God, the Creator of all things created, does miracles all the time. Even in your life. I believe it's a better way to think about the things that happen in our lives as we go along, especially in the days that we are living in. 

I challenge you to look for miracles, good things everywhere you are everyday. Start pointing them out to yourself and others. Look for the little things and pay attention to what you are seeing, hearing and what's going on around you. Look for good....I guarantee you will find the good if you intentionally look for it.

It's me, Judy in the Cottage on a Saturday. Hope you enjoy this post and will comment. God Bless all that you lay your hands to as you seek to see his heart for you. Psalm 139

Sunday, October 6, 2024

Something Happened when I Turned 80

 



It's October, that's nearly 6 months since my 80th birthday and I still am amazed that I'm actually 80 years old or young. "How can it be?" I say to myself quite regularly. It's even reflected in the mirror. I mean I had the normal aging skin as the normal American woman and then along came my 80th birthday. What's that about?
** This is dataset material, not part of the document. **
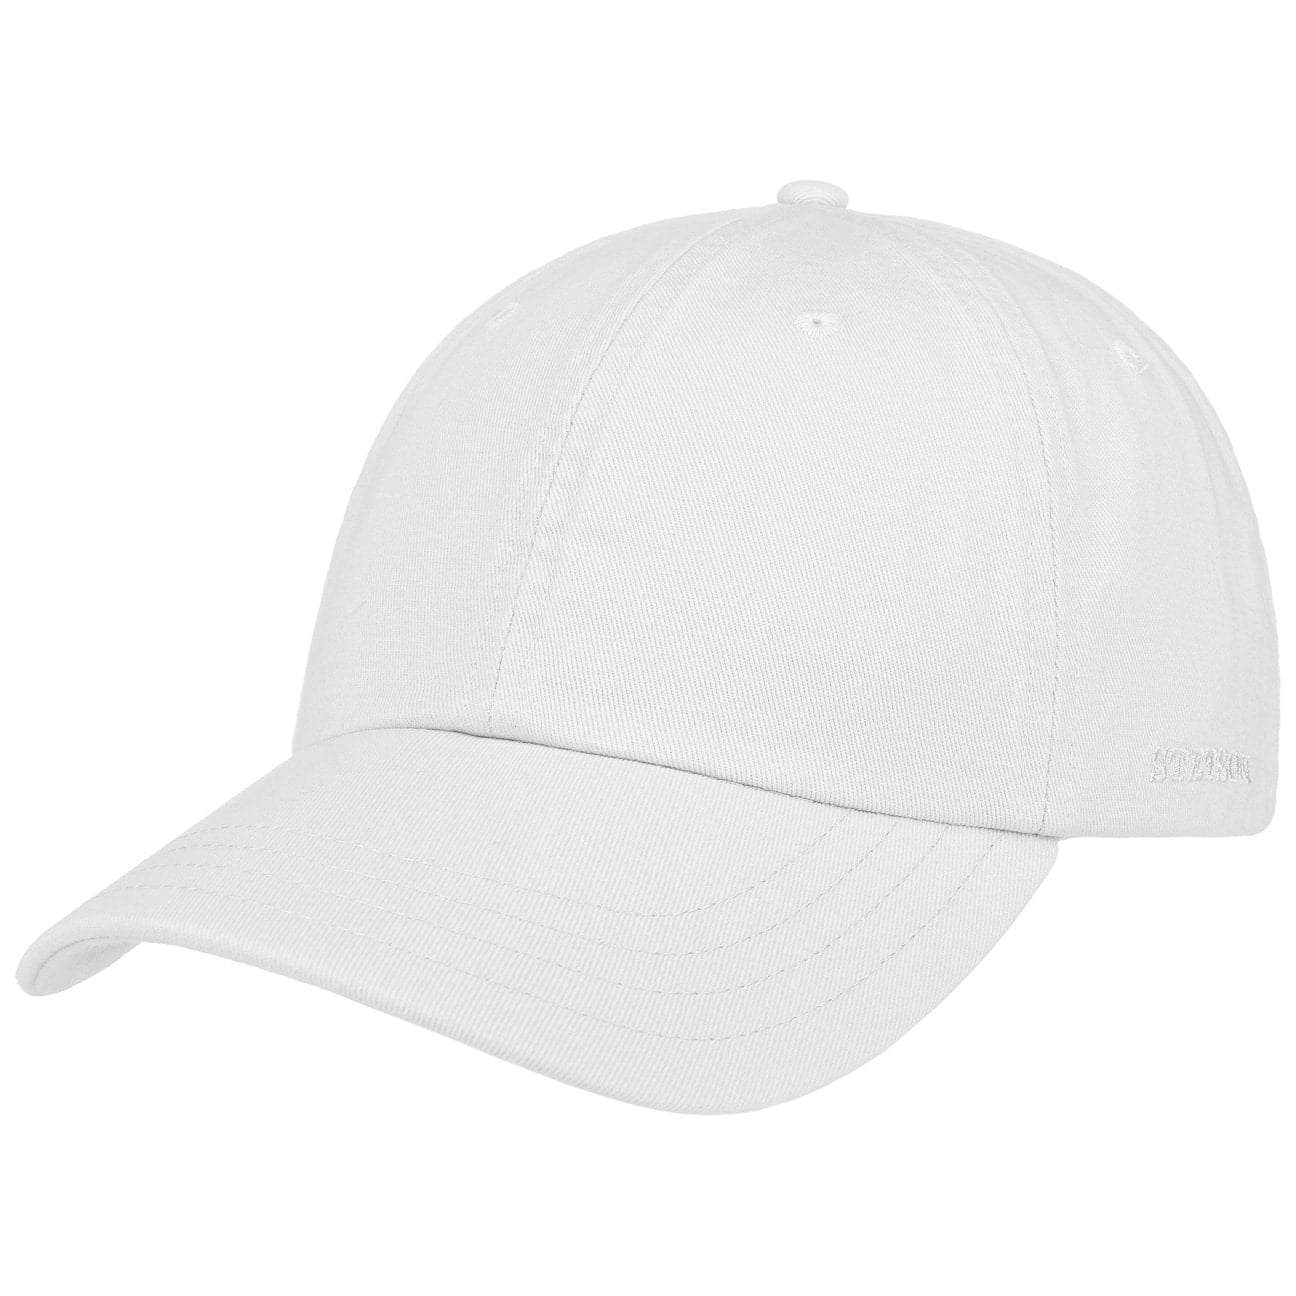 Stetson 7711101 10 Rector baseball cap white

Here's what I have to say about all that....quite honestly I don't understand it? I'm actually still 30ish on the inside, that didn't change! Still looking for something meaningful to do with the rest of my life. (Been doing that since I was 30ish.) I am more sure of myself now than I ever was and even know who I am. Almost think it would have been great if I'd known that when I was 30ish. Plus what I know now about God's heart for me and those around me and learning more about that daily.

I'm actually beginning to realize that I've lived a long time and know things those younger than myself don't know anything about. They have no point of reference, therefore are clueless about some of the things I talk about. Understanding that everyday conversations have my inserts of past experience and understanding from knowledge of how things work that cannot be known by the younger in the conversation because they didn't live it and I did. Know what I mean?
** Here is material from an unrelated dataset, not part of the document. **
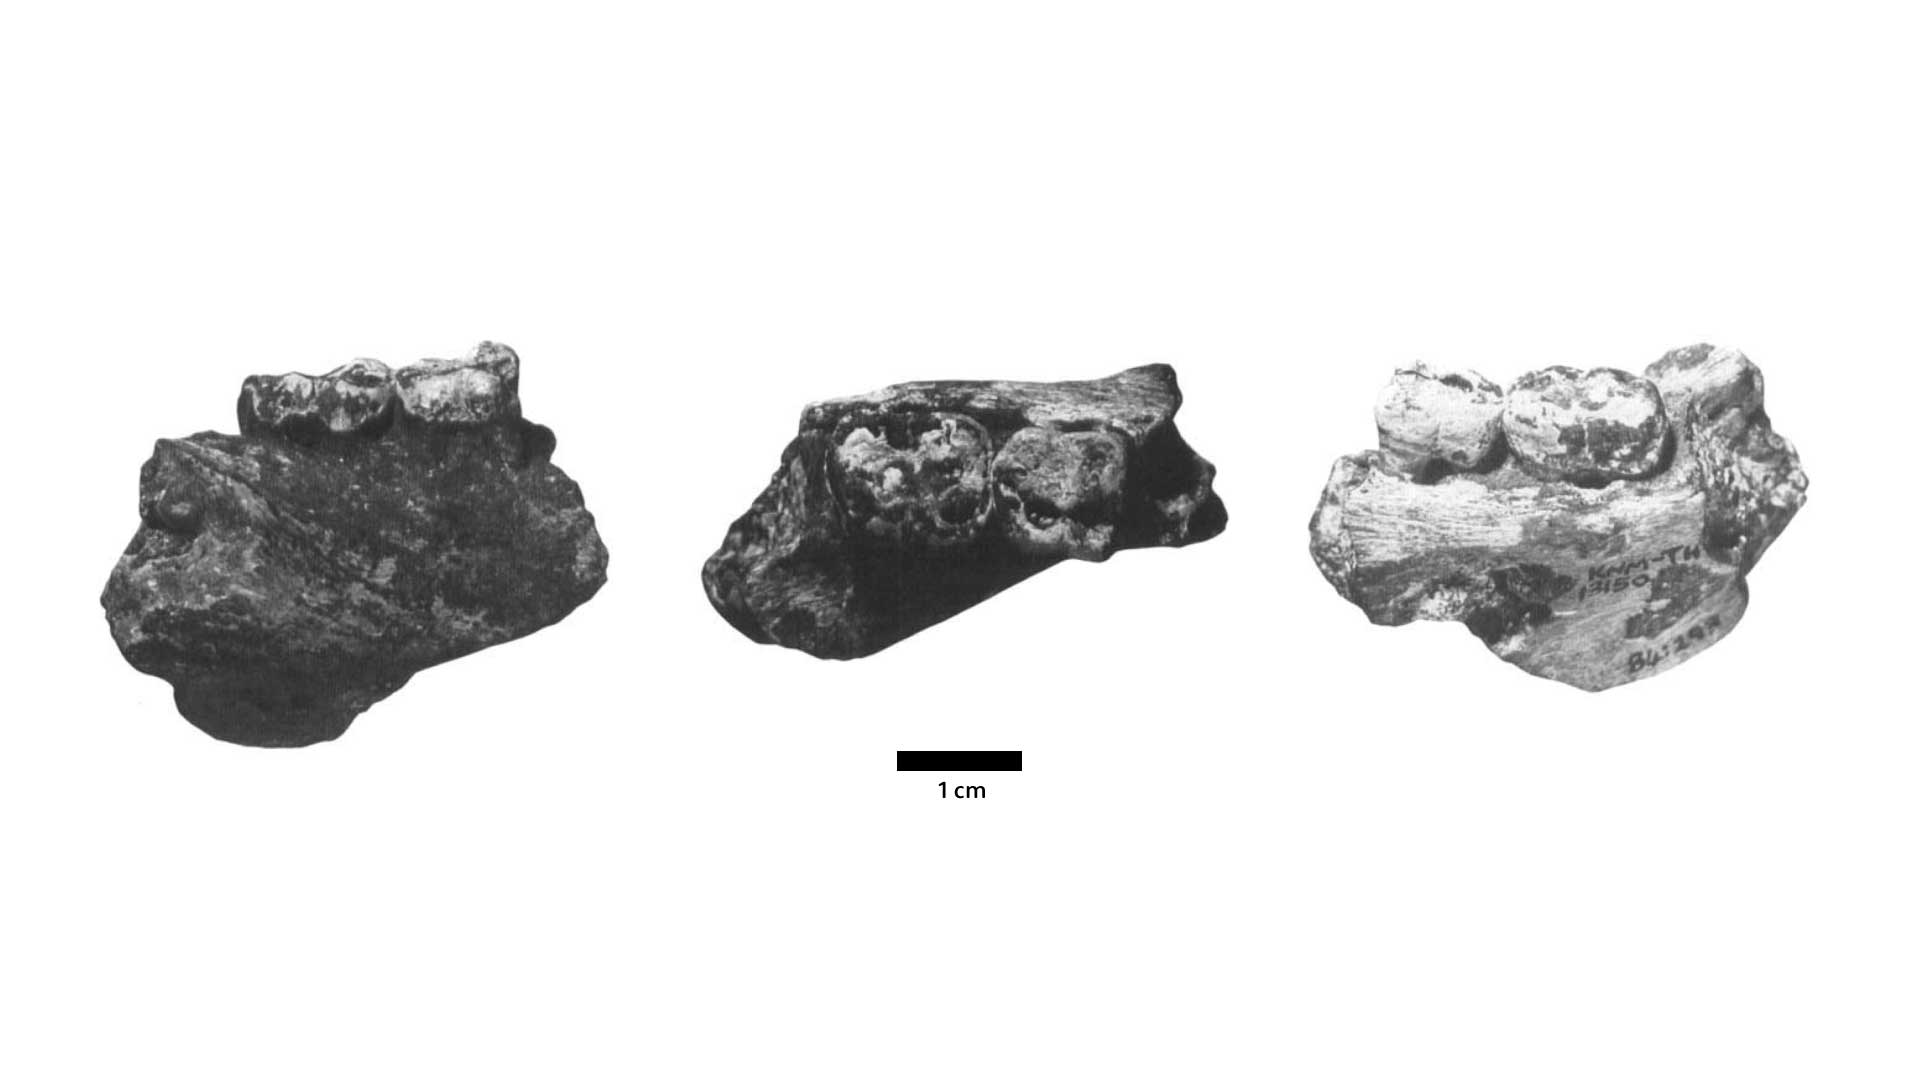 Mandibular fragment with M1 and M2 in three views

I think the listener does but I'm wrong.  If they are more than 5 years younger, they can't conceive the fullness of my opinion or answer or deductions even if they are a history buff. Why? because they weren't there, present for the reality of whatever the subject might be, more especially if it's lifetimes lived. Nor can that person see it from my point of view because of the difference in life on earth living.  

I should now understand why I get flack in all kinds of demonstration. I think what I say should be understood as a given. Things I don't mention because I assume the listener understands because I do. BUT they don't and it's natural that they wouldn't...but I didn't get that until 80. Actually come to think of it happens with my age group and in those cases it's because of the difference in the life they lived. Or get this, even the difference is because they don't know what I know because I never mentioned what I know about a particular subject or whatever. It didn't come up or there was no need to mention what I knew about a thing. Get it?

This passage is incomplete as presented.